Ежедневно мы его прогуливаем по коридору, а два раза в неделю проветриваем при открытом окне; разумеется, принимаем при этом все предосторожности, чтобы он не кричал. По субботам он берет ванну. Нам самим приходится мыться на кухне. По воскресеньям я читаю ему коротенькие лекции и даю выкурить три папиросы – в моем присутствии, конечно. О чем эти лекции? Да о всякой всячине. О Пушкине, например, или о Древней Греции. Только нет одного – политики. Он политики абсолютно лишен. Словно вообще такой штуки на свете не существовало. И знаете что? С тех пор как я держу одного чекиста взаперти, с тех пор как служу отечеству, я прямо другой человек. Бодр и счастлив. И дела пошли лучше, так что и содержать его не так трудно. Он обходится мне этак марок в двадцать в месяц, считая расход на электричество: у него там совсем темно, так что днем от восьми до восьми горит одна слабая лампочка.

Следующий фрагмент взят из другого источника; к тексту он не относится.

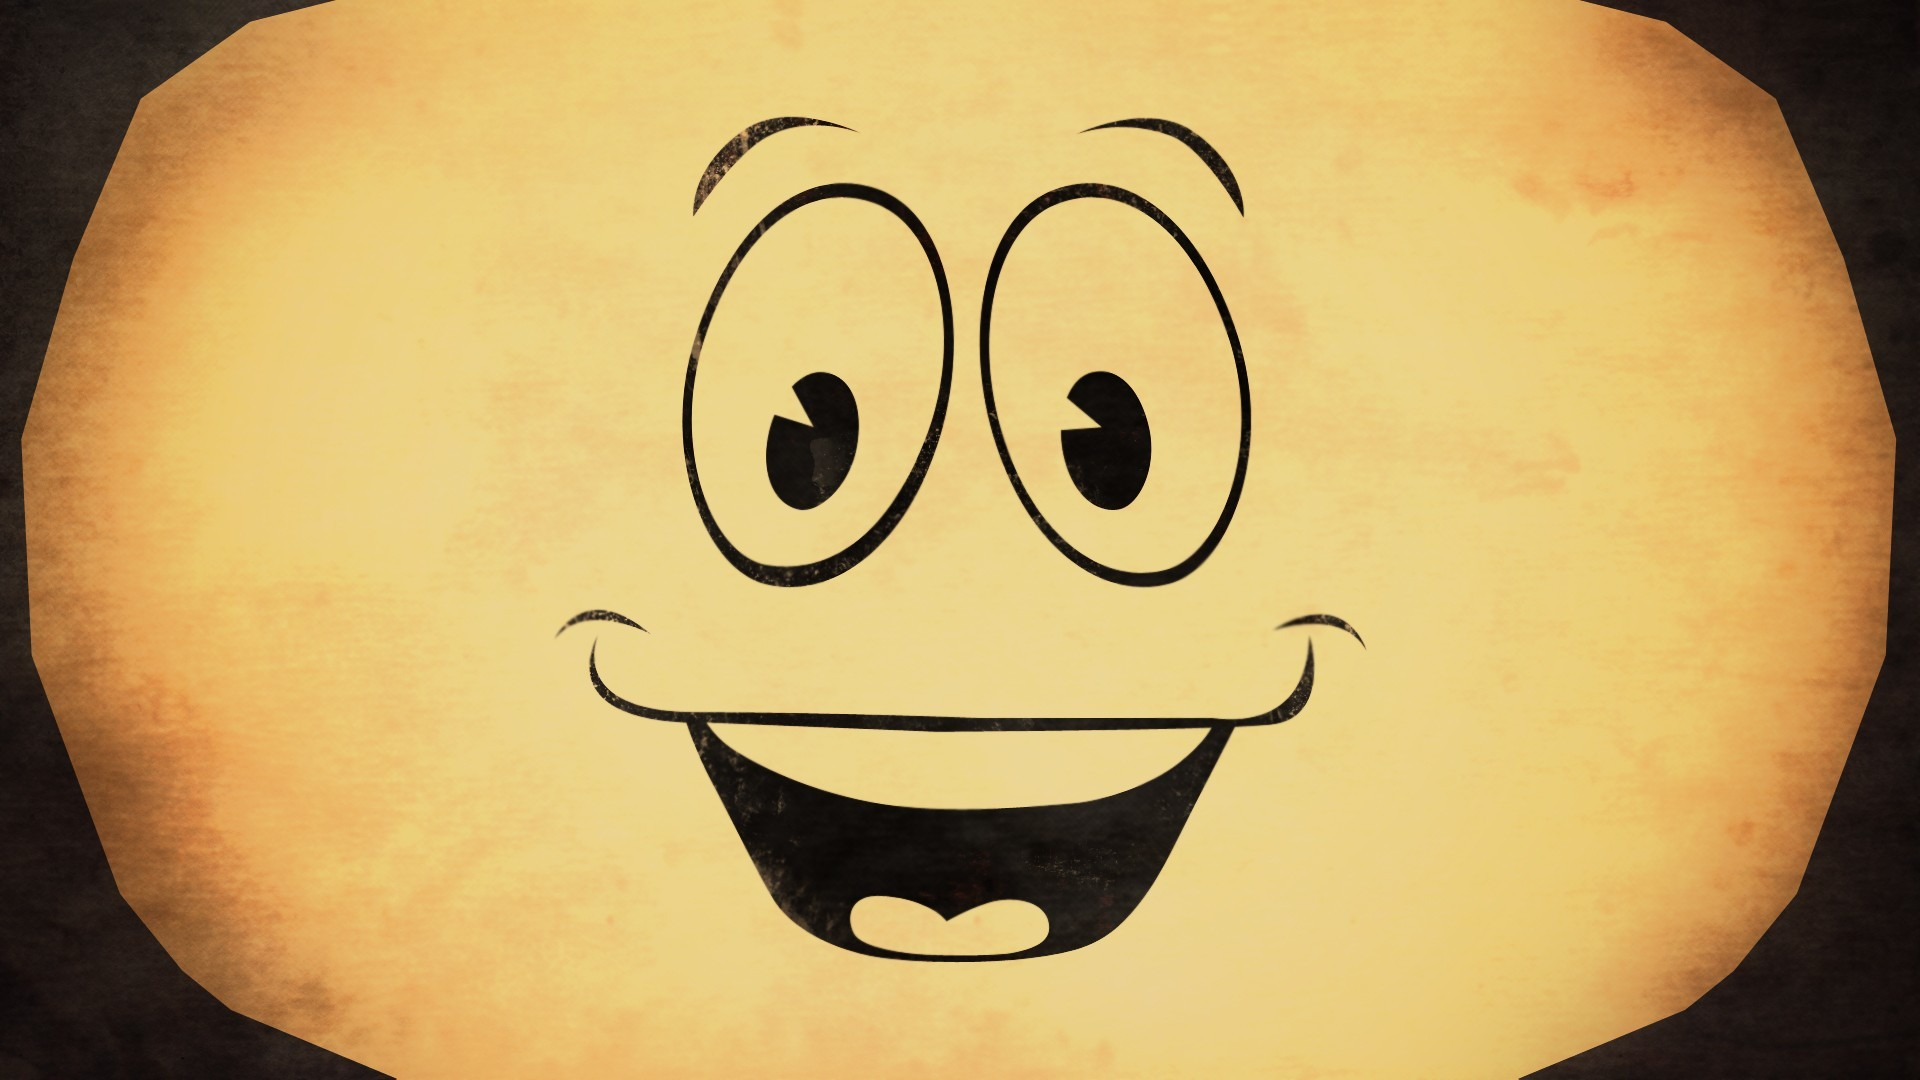 Smile Humor Wallpapers WallpapersInk Smile More Wallpaper, Live Smile More  Wallpapers, RCC Smile 1920×1080

Вы спрашиваете, из какой он среды? Да как вам сказать. Ему двадцать четыре года, сын мужика, школу, даже сельскую, вряд ли кончил, был, что называется, “честный коммунист”, учился только политической грамоте, что по‐нашему значит квадратура круглых дураков, – вот и все, что знаю. Да впрочем, если желаете, я вам его покажу. Только помните, помните – молчок!»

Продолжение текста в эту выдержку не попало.